In 15 years of civilian rule after President Ershad's fall, one had hoped that democracy for which our spirits have yearned for decades and for which so many have given lives, would be finally established in Bangladesh. That also did not happen because the two mainstream parties, the Awami League and the BNP, fought between them to make democracy unattainable. One had hoped that the emergency or 1/11 that came as a consequence of the conflict between these two parties would make the politicians think that the people are not entirely happy with them; that they would reform to make democracy work. As days pass, the politicians seem in no mood to think that there is any need of reform; they have dismissed the efforts during the emergency to reform the political parties with contempt. In fact, in our politics, the word reform has been trashed in the trash bin of history; those who had wanted reform in the political parties during the emergency now have no place to hide.
The elections results have not helped either. The voters, as they had done in 2002, did it again in 2009, returning a political party to office with a massive mandate. In any system, a huge mandate for a political party is a very positive event as it lets that party carry out its agenda that it promises to the people to fruition. In Bangladesh, this did not happen when the BNP was given a huge mandate; and although it is too early to suggest whether the AL that has been given even a bigger mandate would also follow the BNP to the same fate, early indications gives a lot of people cause for concern.
One reason for this is a major mistake the parties in Bangladesh make when in power.
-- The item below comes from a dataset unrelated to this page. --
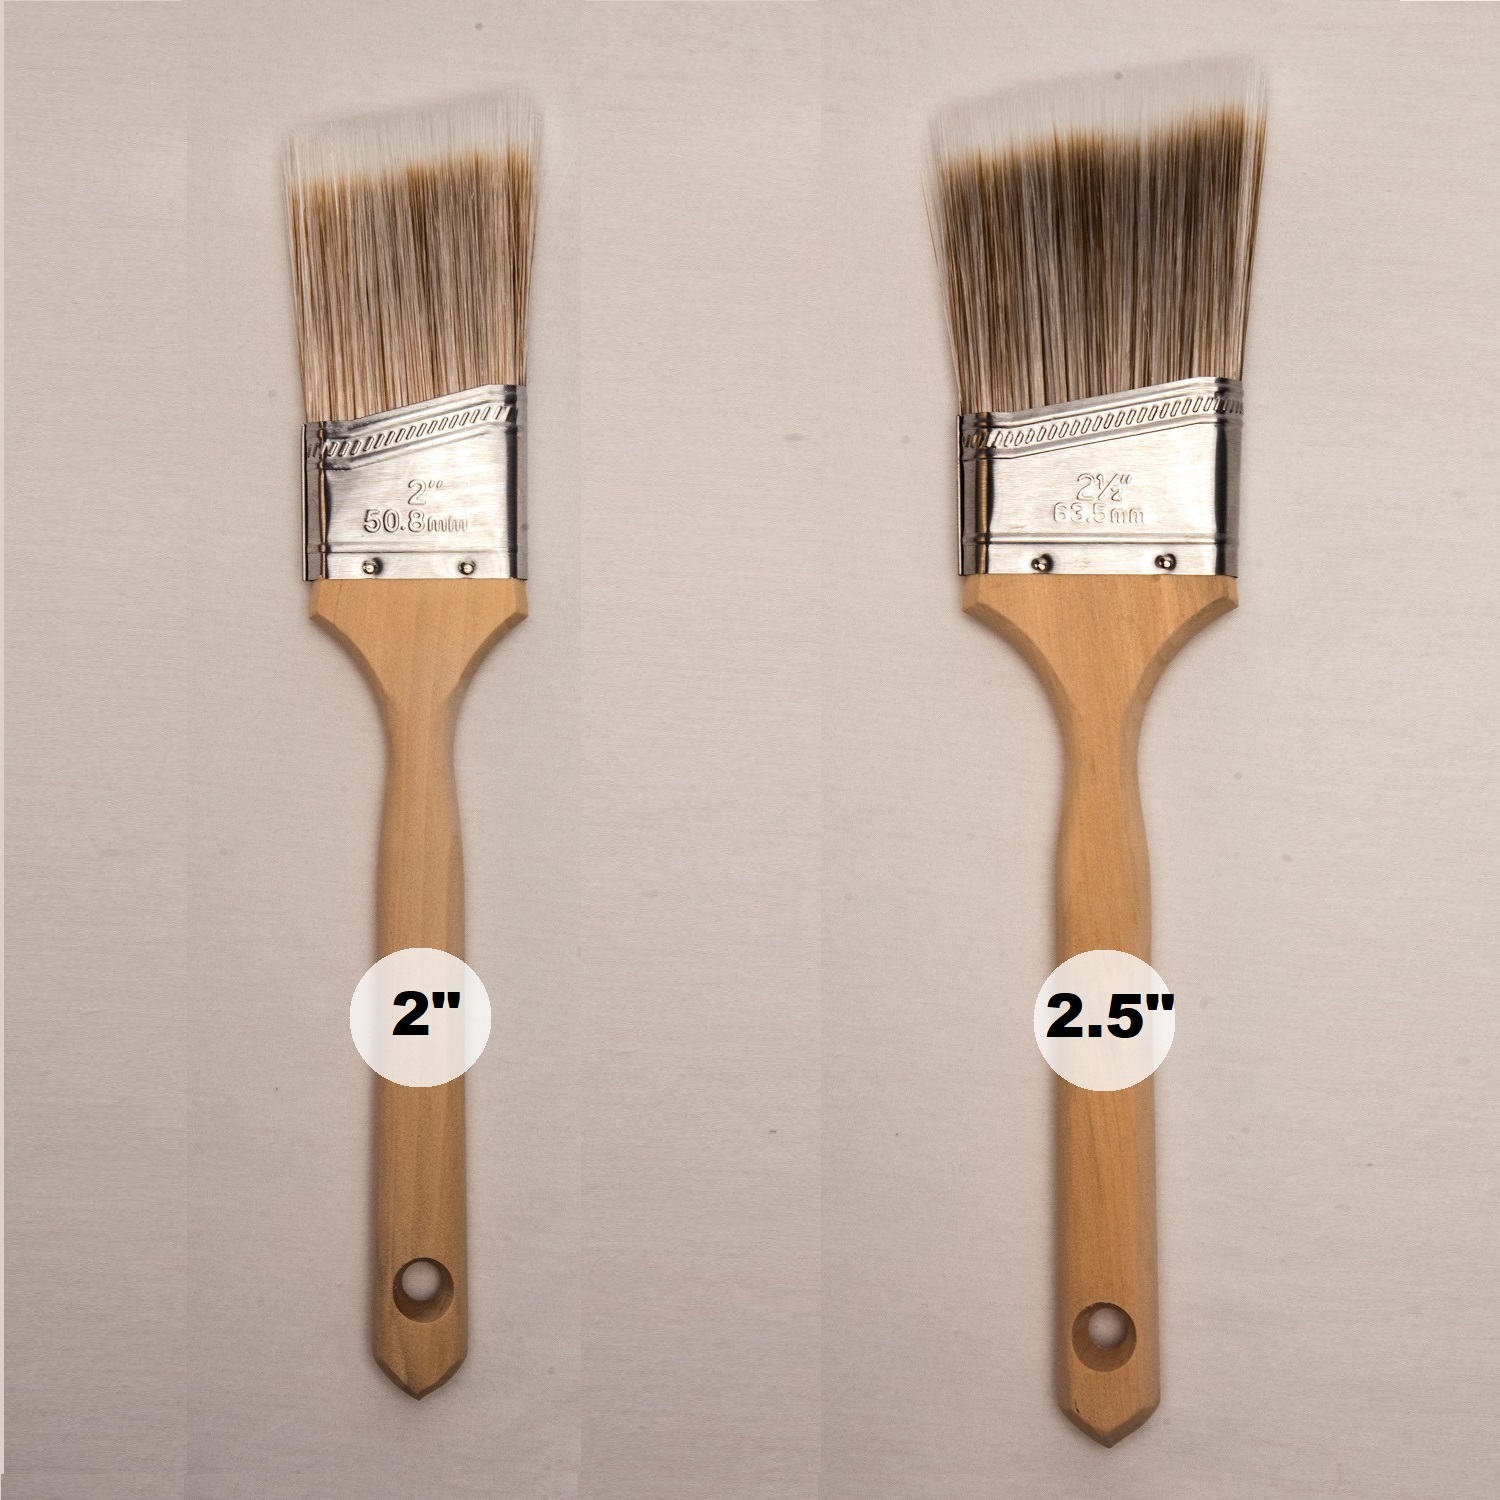 edging paint brush

They tend to equate their majority in parliament in the same proportion among the people which is not the case. When the BNP won the 2/3rd majority in 2002, its popular support was marginally more than the AL. In the last election, while the AL has won 3/4th of the seats in Parliament; its popular support among the people was far short of that percentage. Here is where history could and should have come to rescue of Bangladesh. That history is a history of sacrifice of millions that led to our liberation because of the unity that the people had shown for establishing in Bangladesh a democratic government. Unfortunately in the last two decades, neither of the two mainstream parties with known popular support that is neck to neck has shown any unity of issues fundamental to establishing and sustaining a democratic government. The two mainstream parties have governed without acknowledging the fact that in a democratic system, existence of and respect for the opposition is indispensable.
All these have created a political culture in Bangladesh where, when a party wins power, it believes that it has been given the right to govern as an authoritarian system. Any opposition is considered as opposition to the state. The name of the game is zero-sum which is the anti-thesis of a democratic system. This political culture is getting entrenched deeper and thus we are really moving away from democracy with each new election and unfortunately, the roots of this culture are embedded in pick and choose method of looking at history by the two mainstream parties.
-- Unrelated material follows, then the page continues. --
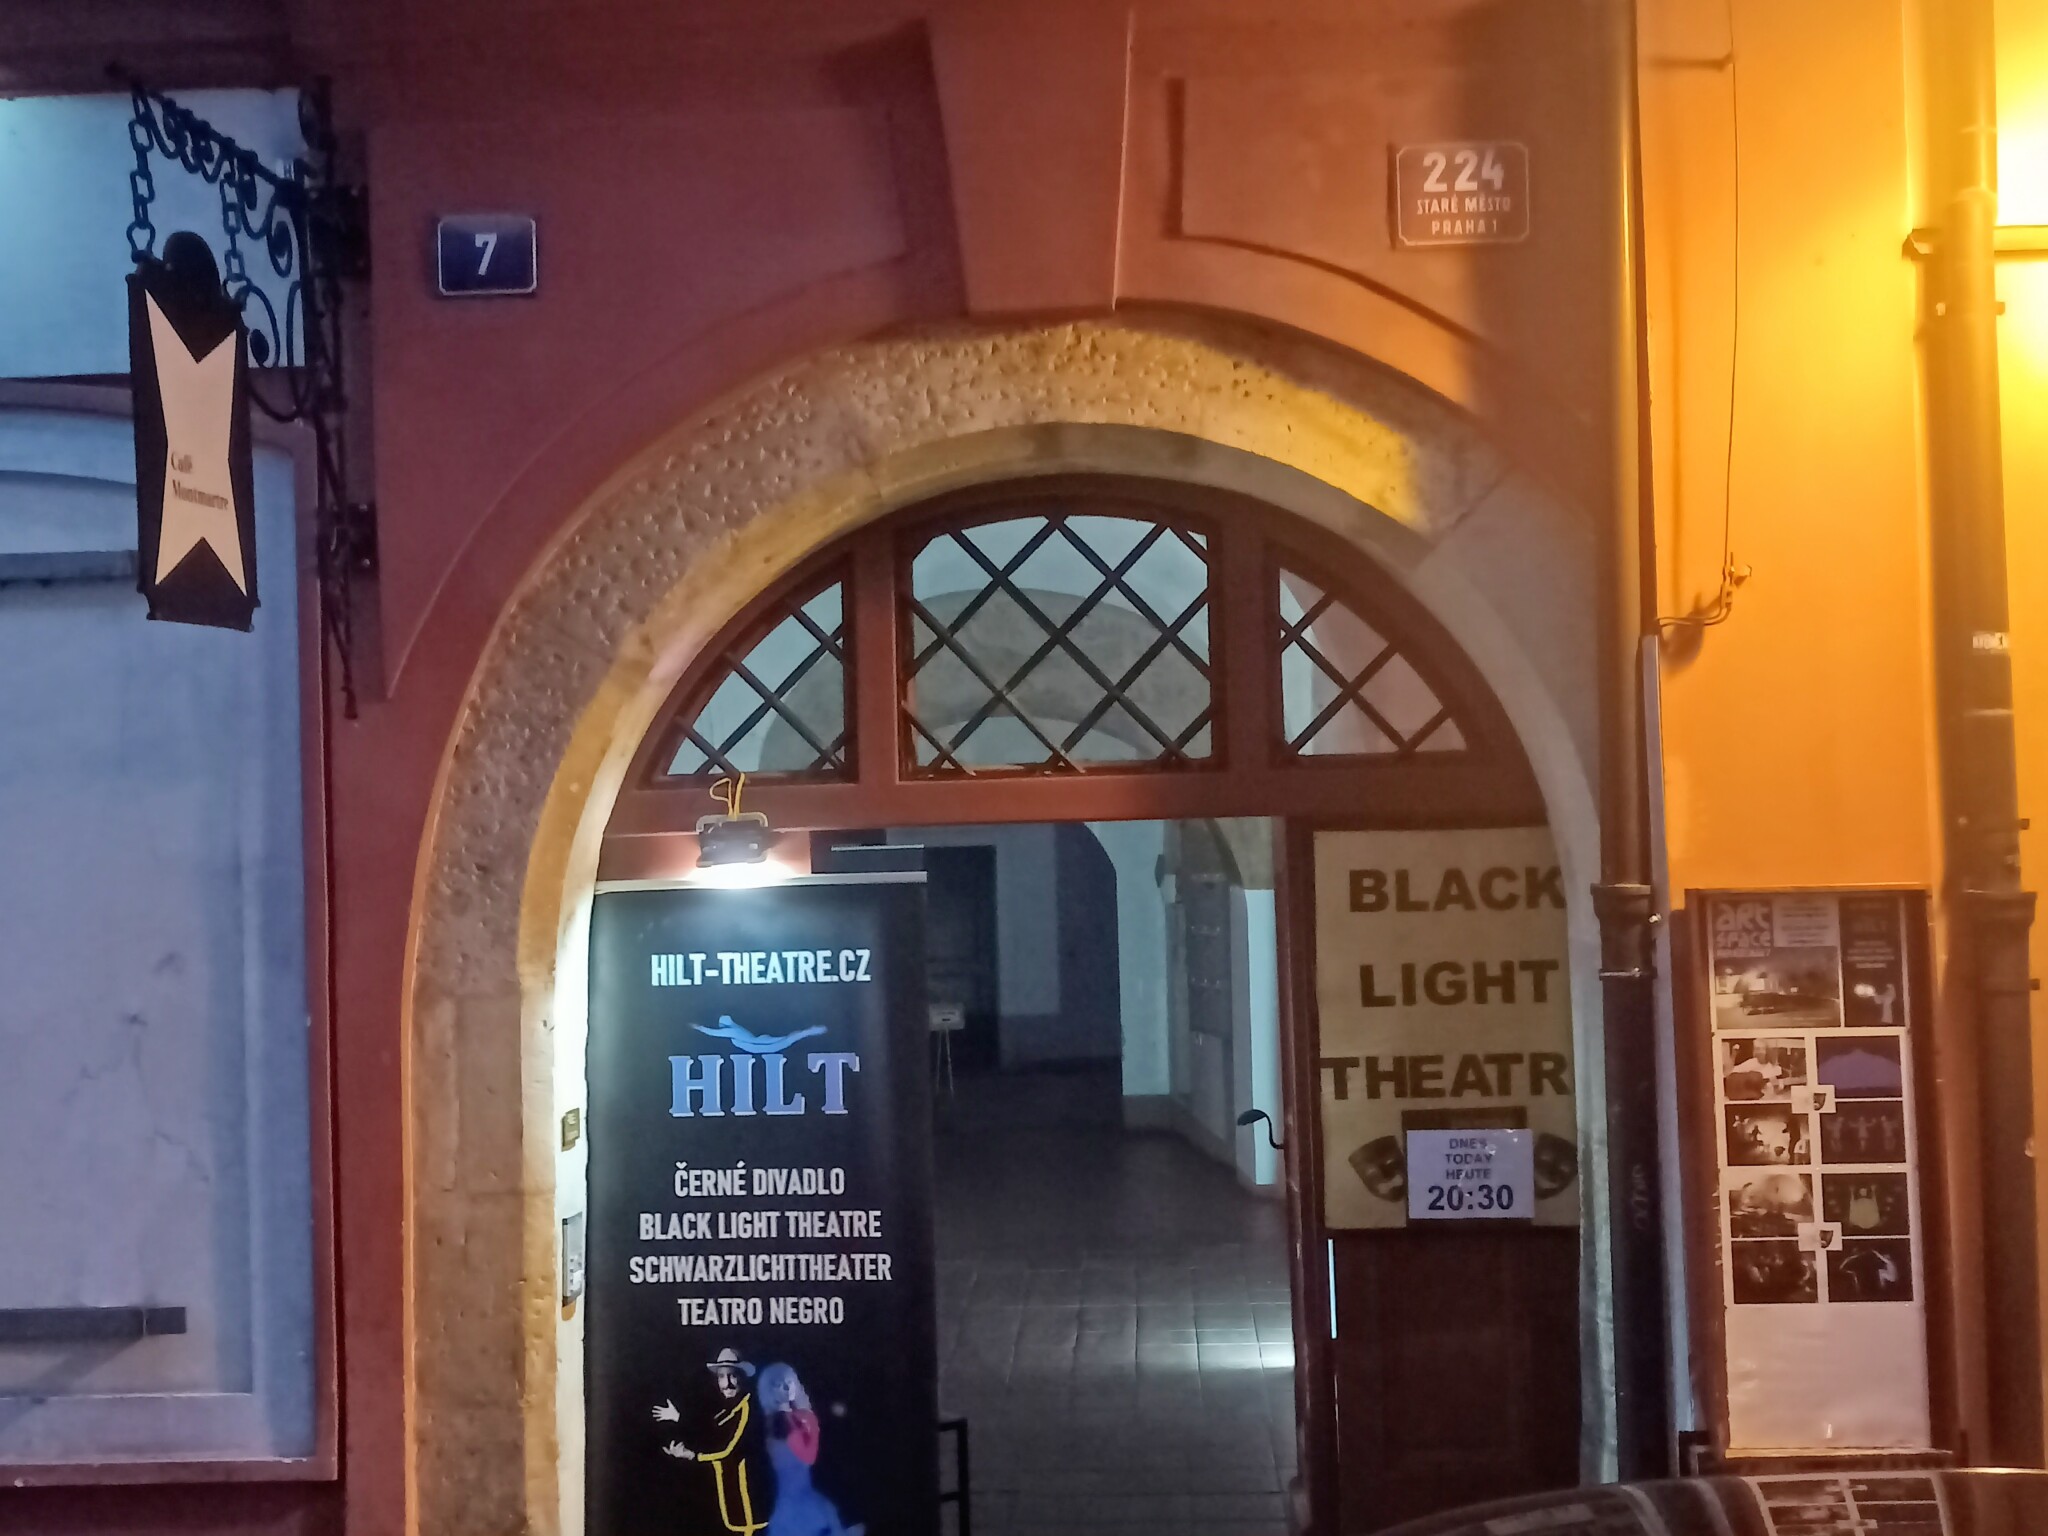 Black light theatre HILT entrance

History is important in a nation's life but when subjected to politics, it creates more problems than where history is disregarded. In Bangladesh, this is the case. History has divided the nation, instead of uniting it. That unity seems now farfetched but unless we achieve that unity, we would be playing name games; and politics will see all the distortions it has been witnessing since the fall of Ershad's military dictatorship and push our desire for a democratic system further and further away. May be we should for a while let history be the subject of historians and not a matter of politics to regain the spirit of 1971.